Search code examples
c++winapisynchronizationspinlockintel-inspector

Intel Inspector reports a data race in my spinlock implementation


I made a very simple spinlock using the Interlocked functions in Windows and tested it on a dual-core CPU (two threads that increment a variable);

The program seems to work OK (it gives the same result every time, which is not the case when no synchronization is used), but Intel Parallel Inspector says that there is a race condition at value += j (see the code below). The warning disappears when using Critical Sections instead of my SpinLock.

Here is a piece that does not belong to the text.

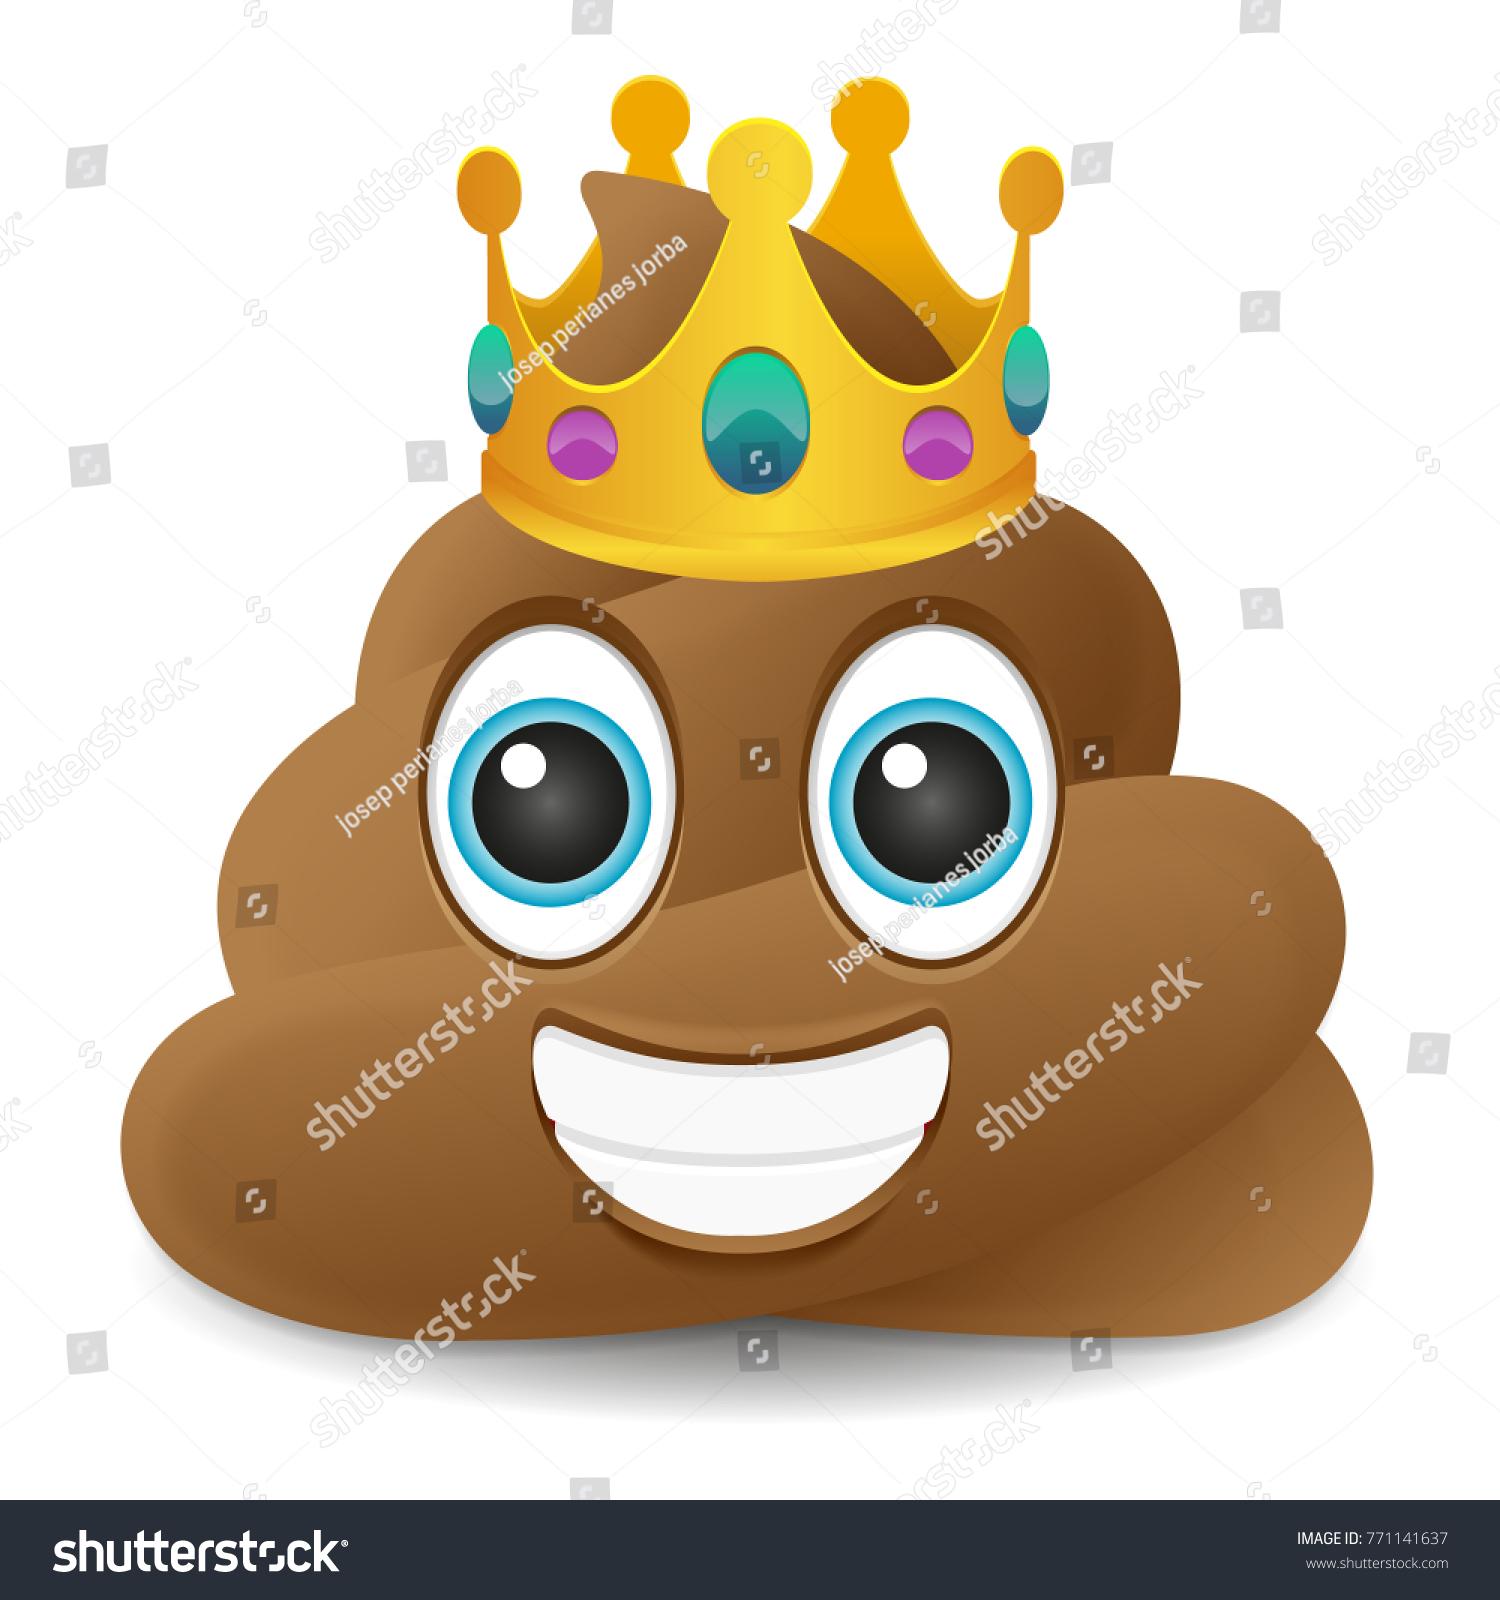 Pile poo king crown emoji icon stock vector 771141637 shutterstock pile of poo king crown emoji icon object symbol gradient vector art design cartoon isolated background biocorpaavc Gallery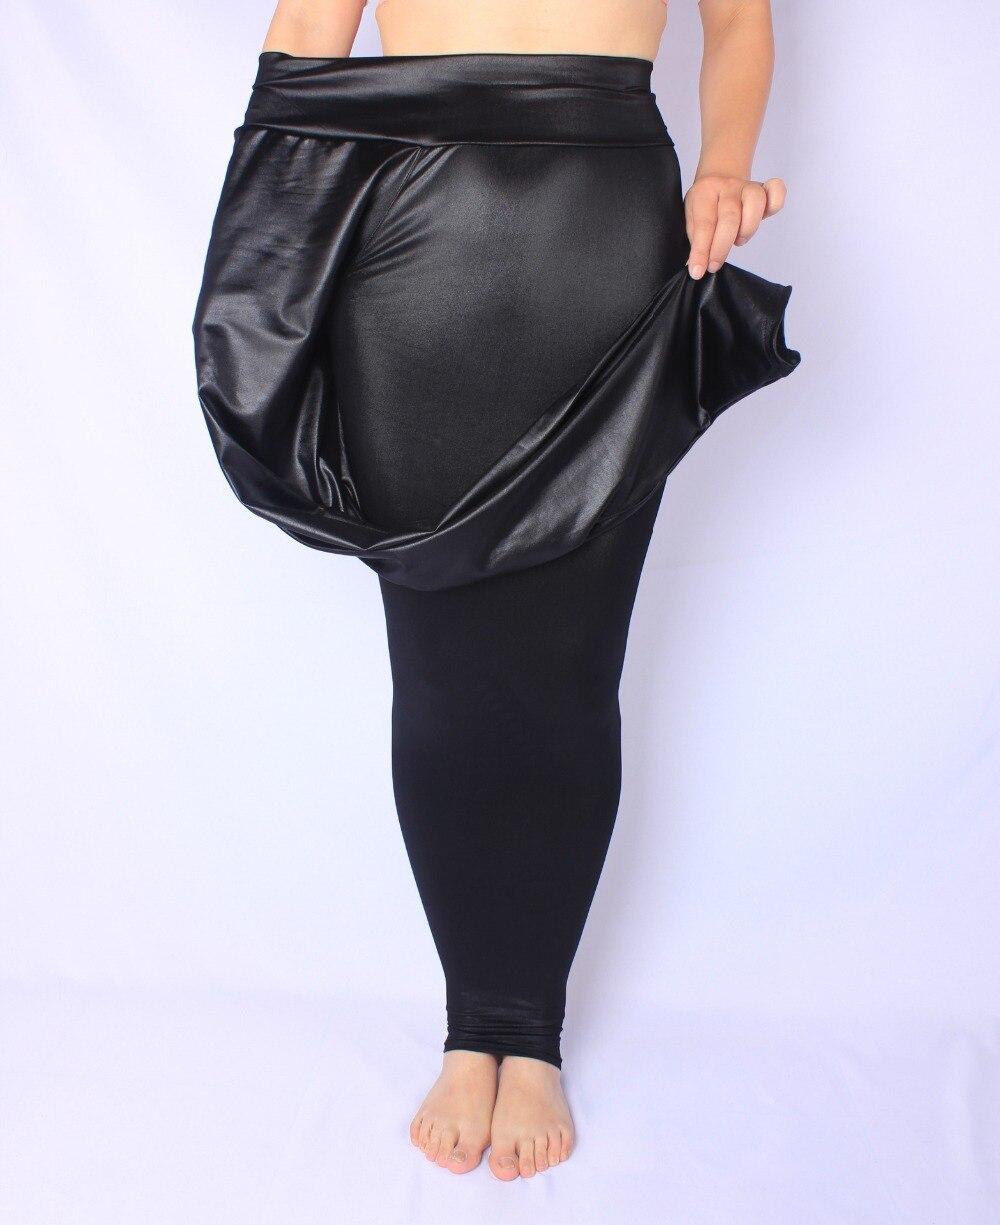 Women Autumn Leggings Plus Size 5XL 6xl 7xl Big Sizes Large Slim Legging Pants Black Warm All-match

Is my implementation of SpinLock correct or not ? It's really strange, because all the used operations are atomic and have the proper memory barriers and it shouldn't lead to race conditions.

class SpinLock
{
   int *lockValue;
   SpinLock(int *value) : lockValue(value) { }

   void Lock() {
      while(InterlockedCompareExchange((volatile LONG*)lockValue, 1, 0) != 0) {
          WaitABit();
      }
   }

   void Unlock() { InterlockedExchange((volatile LONG*)lockValue, 0); }
};

The test program:

static const int THREADS = 2;
HANDLE completedEvents[THREADS];
int value = 0;
int lock = 0; // Global.

DWORD WINAPI TestThread(void *param) {
    HANDLE completed = (HANDLE)param;
    SpinLock testLock(&lock);

    for(int i = 0;i < 1000*20; i++) {
        for(int j = 0;j < 10*10; j++) {
            // Add something to the variable.
            testLock.Lock();
            value += j;
            testLock.Unlock();
        }
    }
    SetEvent(completed);
}

int main() {
   for(int i = 0; i < THREADS; i++) {
        completedEvents[i] = CreateEvent(NULL, true, false, NULL);
   }
   for(int i = 0; i < THREADS; i++) {
        DWORD id;
        CreateThread(NULL, 0, TestThread, completedEvents[i], 0, &id);
   }

   WaitForMultipleObjects(THREADS, completedEvents, true, INFINITE);
   cout<<value;
}

Solution

  • Parallel Inspector's documentation for data race suggests using a critical section or a mutex to fix races on Windows. There's nothing in it which suggests that Parallel Inspector knows how to recognise any other locking mechanism you might invent.

    Tools for analysis of novel locking mechanisms tend to be static tools which look at every possible path through the code, Parallel Inspector's documentation implies that it executes the code once.

    If you want to experiment with novel locking mechanisms, the most common tool I've seen used in academic literature is the Spin model checker. There's also ESP, which might reduce the state space, but I don't know if it's been applied to concurrent problems, and also the mobility workbench which would give an analysis if you can couch your problem in pi-calculus. Intel Parallel Inspector doesn't seem anything like as complicated as these tools, but rather designed to check for commonly occurring issues using heuristics.